WHAT YOU SHOULD DO
Your task is to copy the listing exactly. Drop any pictures from the copy.

GIVEN MATERIAL
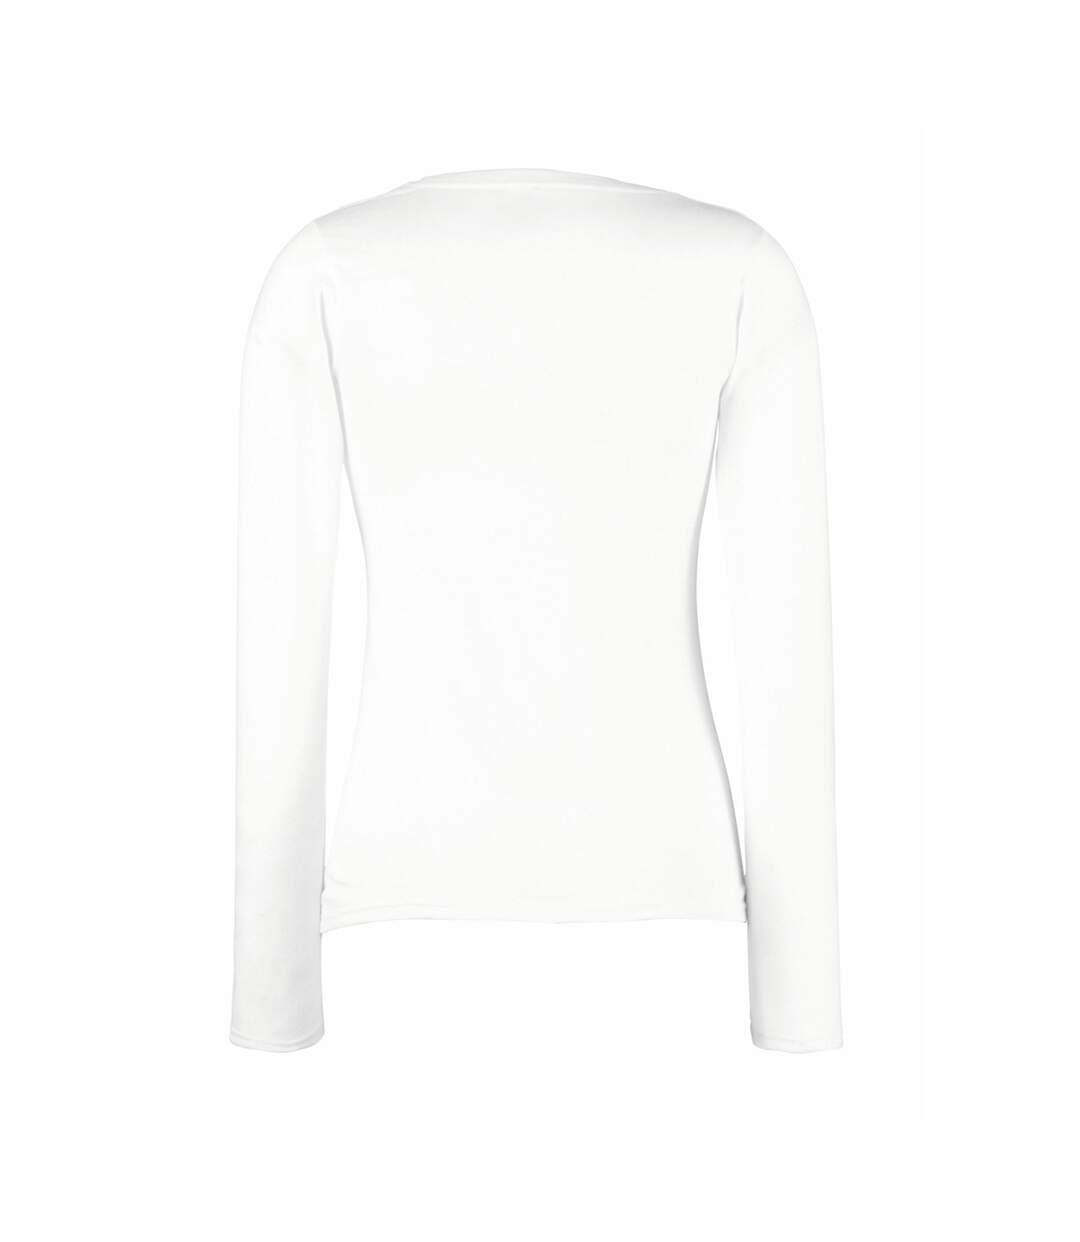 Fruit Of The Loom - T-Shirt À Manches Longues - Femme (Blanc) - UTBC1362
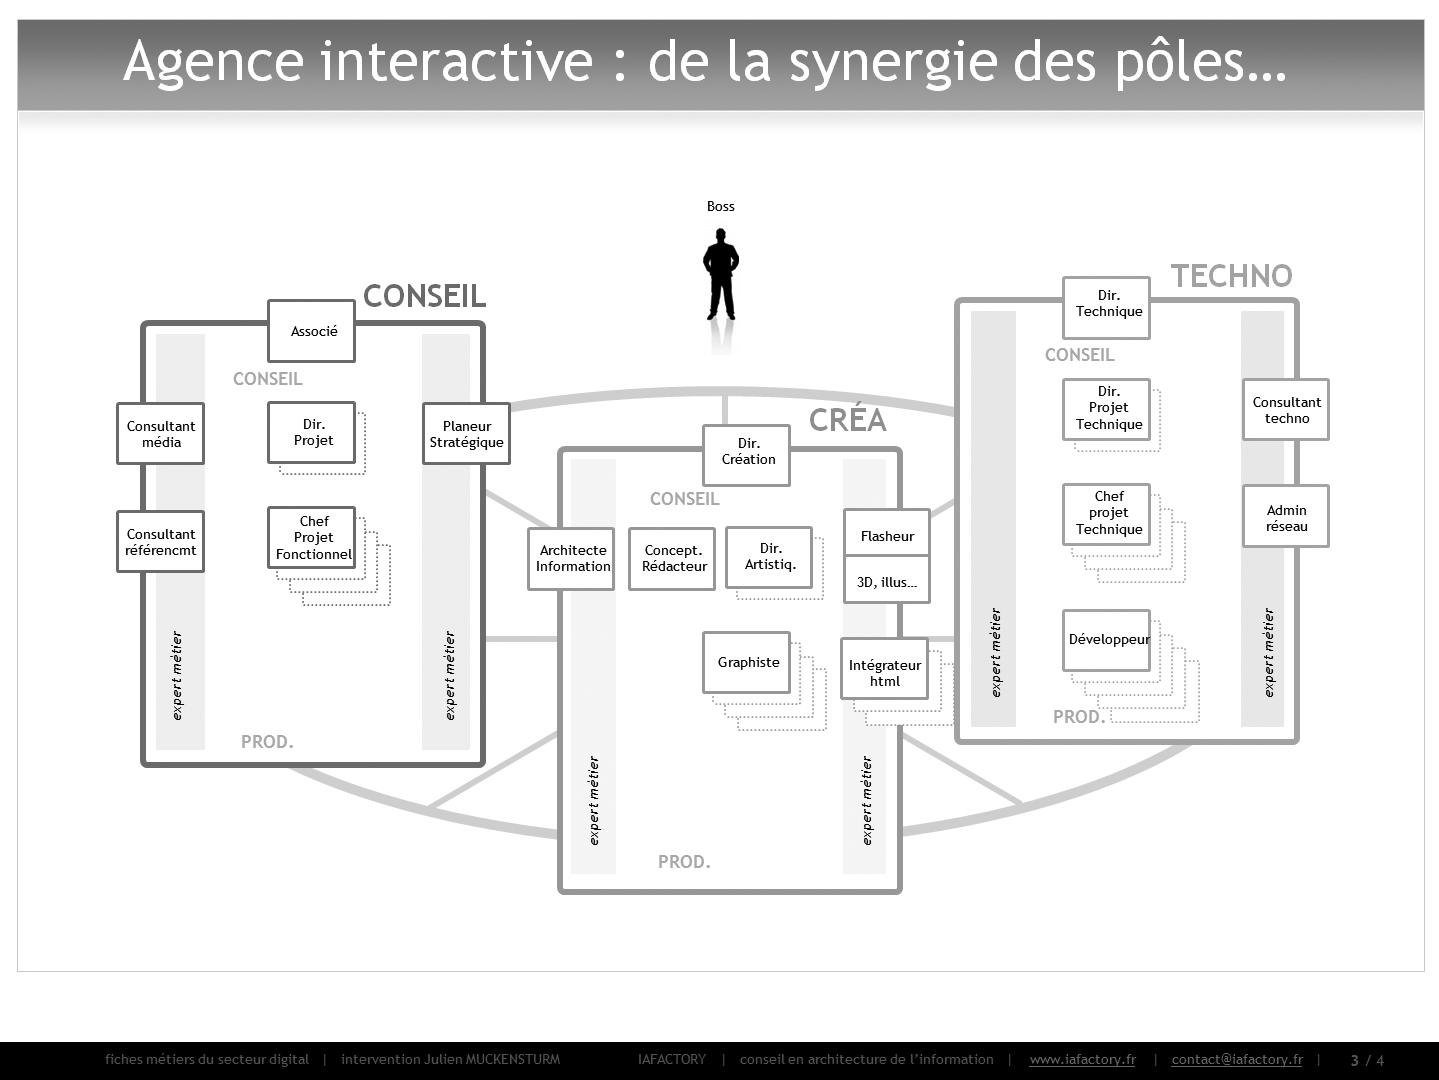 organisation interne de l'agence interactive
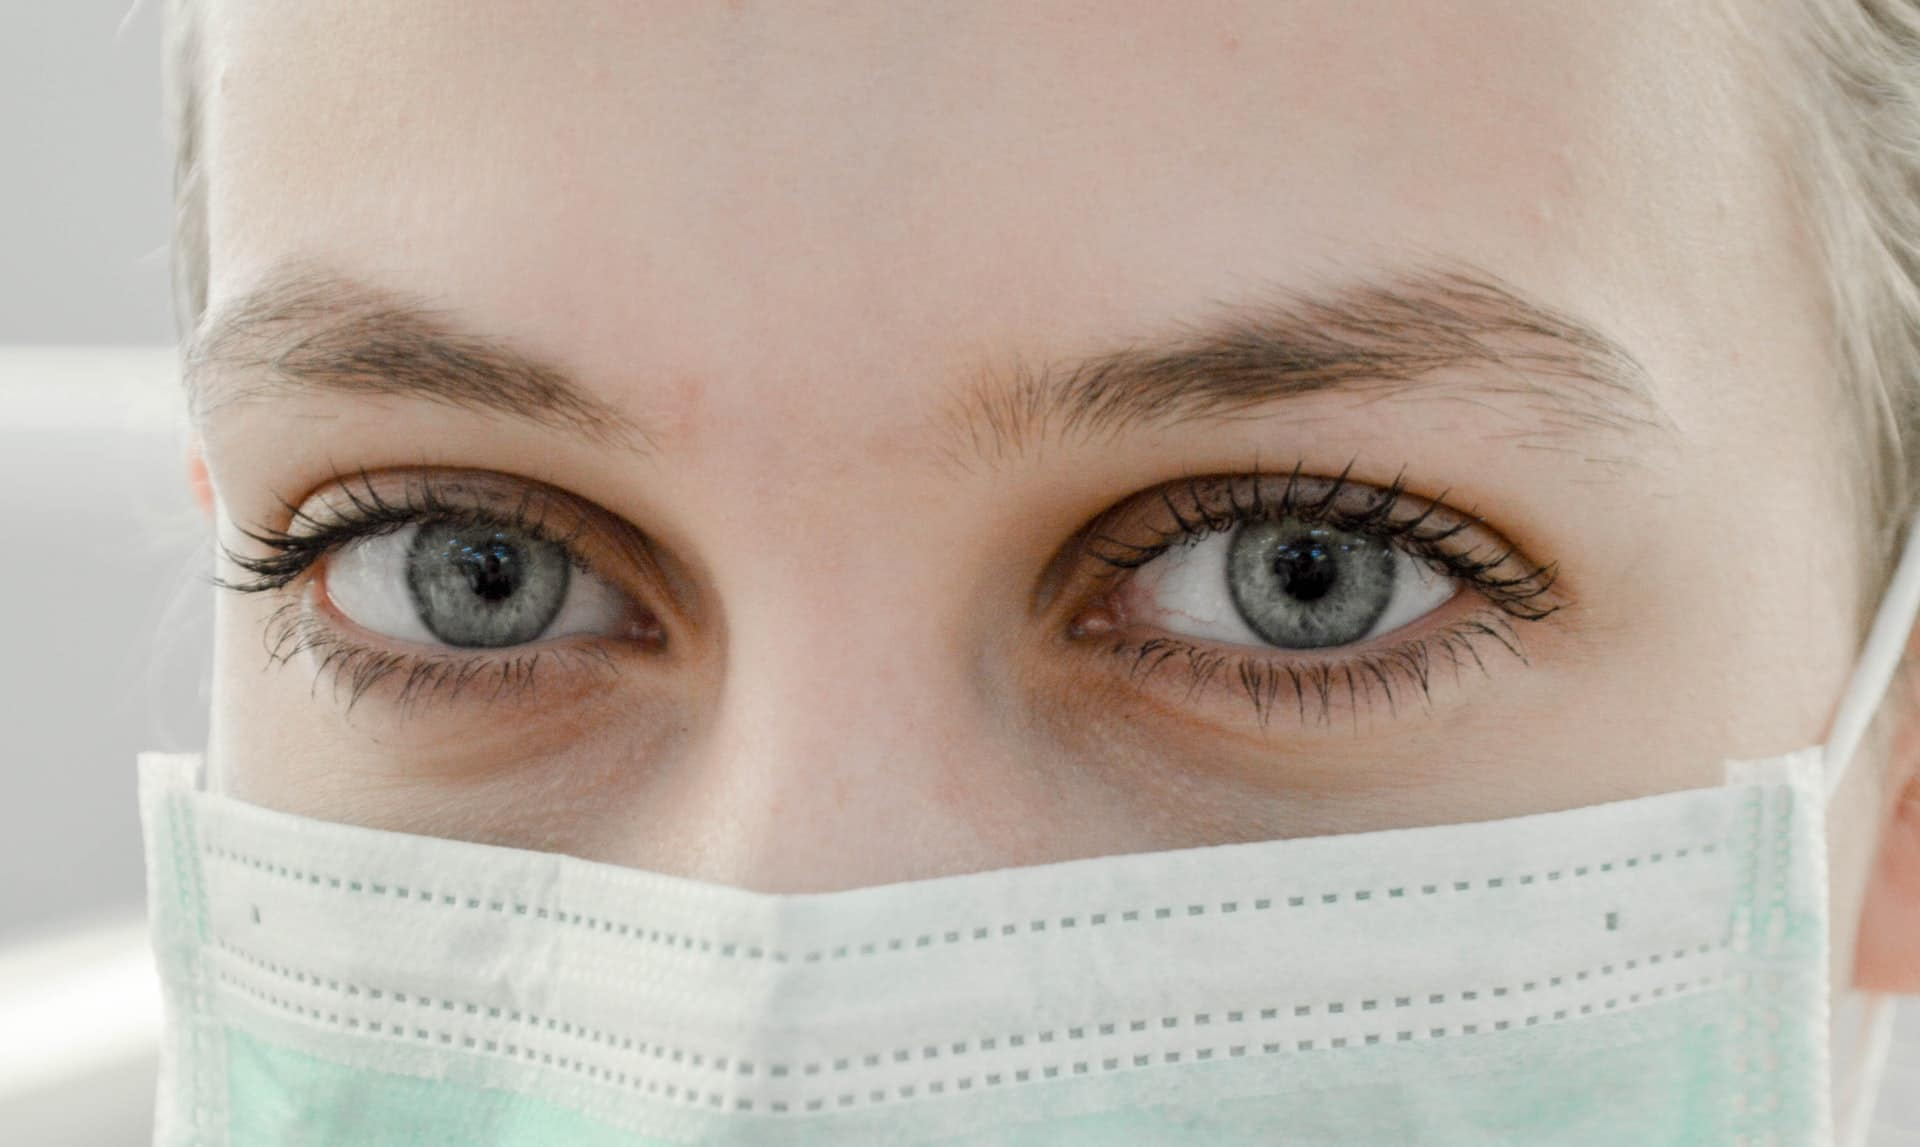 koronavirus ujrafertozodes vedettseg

EXERCISE ANSWER
 Fruit Of The Loom - T-Shirt À Manches Longues - Femme (Blanc) - UTBC1362
 organisation interne de l'agence interactive
 koronavirus ujrafertozodes vedettseg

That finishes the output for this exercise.